General Motors Corp., Camping Trip
Four men set off on a camping trip. As they happily unload their gear, they hear the faint sounds of a banjo playing, a reference to the "Dueling Banjos" song in the film "Deliverance" (nominated for Best Film in 1972, starring Burt Reynolds), featuring a pair of male hillbillies who rape the men at gunpoint.
The men can't scramble fast enough back into their mini-SUV and peel out to escape.
"We were looking for a pop culture tie-in that's timeless and humorous," explains Cindy Kamerad, a Saturn spokeswoman. "College kids know about that movie." Kamerad notes that the ad has gotten positive reviews on an unofficial Saturn web site, SaturnFans.com, and that sales have doubled for the new vehicle now that advertising has kicked in.
General Motors' Saturn, the "different kind of car company," unfortunately recalls a different kind of era, when homophobia was more accepted.
Ironically, Saturn was the first American car company with a gay market ad, though it ran just once in a 1995 OUT magazine. It came back more consistently in 1999 when the company extended equal benefits to gay employees.
One must also question how an agency based in San Francisco, perhaps the most gay- and politically-sensitive city, could have created an ad based on such a concept. While many argue persuasively that male rape is not a reference to homosexuality (rape is an act of violence, not sexuality), it remains a persistent stereotype.
And it is difficult to imagine how rape of any sort evokes humor, yet prison rape and male rape in general is considered humorous by some sophomoric segments of society. Further, the decision to pick a joke about male rape is an intentional choice over others that could also have worked, such as any horror movie reference -- they selected it because homophobia appears to "heighten" the humor.
While technically this ad uses fear of the psycho hillbillies from the movie, the underling element is the "chilling" connection to the deep seated fear of anal sex, rape or otherwise, held by straight men in our society. No, anal rape by straight psycho hillbillies and loving, consensual anal sex between two gay men are not the same, but the difference does not matter, because, for straight men, the fear is essentially the same. This ad touches upon, reinforces, and normalizes that deep fear. It's this aspect of the ad that I really have a problem with. It perpetuates the fear of gay sex, and by extension, gay people. The sheer, supposedly comical, panic of these tough straight guys trying to get away from this potential threat in the woods is the same fear and panic that, in another circumstances, would lead straight men into beating the hell out of a guy who came on to them out of the fear that he might try to have anal sex with him!

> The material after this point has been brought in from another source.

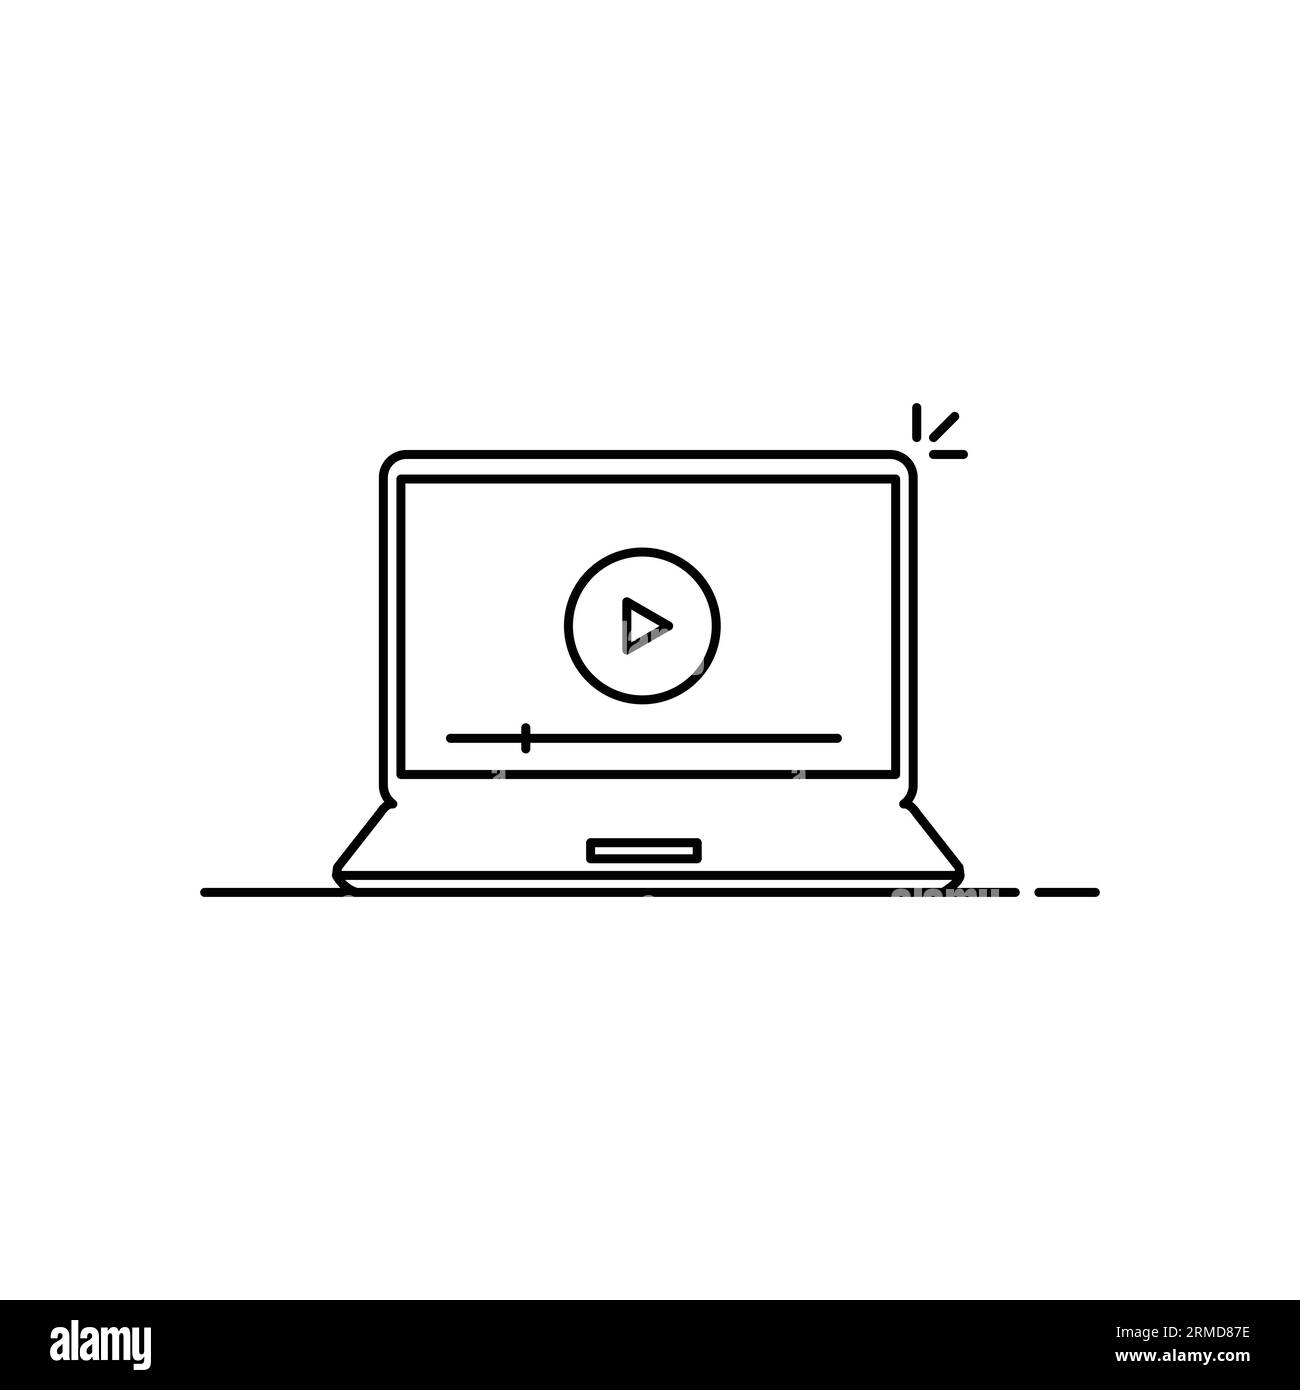 portátil negro de línea delgada como ver webinar. tendencia de estilo de contorno plano diseño gráfico de logotipo de e-learning moderno aislado sobre fondo blanco. concepto Ilustración del Vector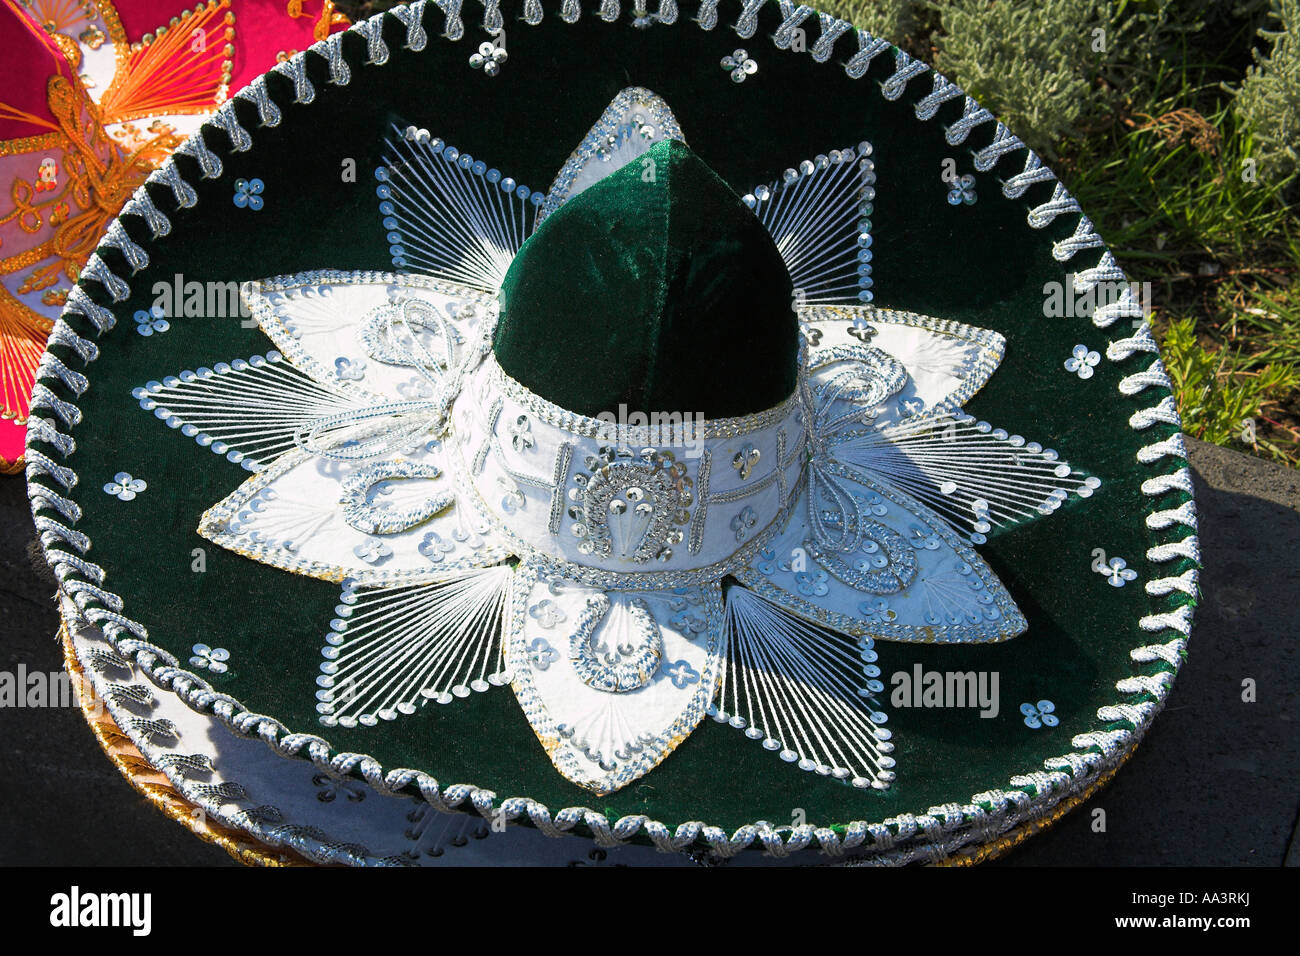 Sombrero-Hut für Verkauf, Mexico City, Mexiko Stockfotografie - Alamy

It may be hard for staight people to understand, but telling these "jokes" and perpetuating and normalizing these fears undermine and marginalize gays, hinder our acceptance by society, and keep us from understanding each other. It's not that gays are "overly sensitive," "reading too much into it," or "don't have a sense of humor," it's that we are very aware of how we are portrayed, and how those protayals impact how we are viewed, and treated, in our society.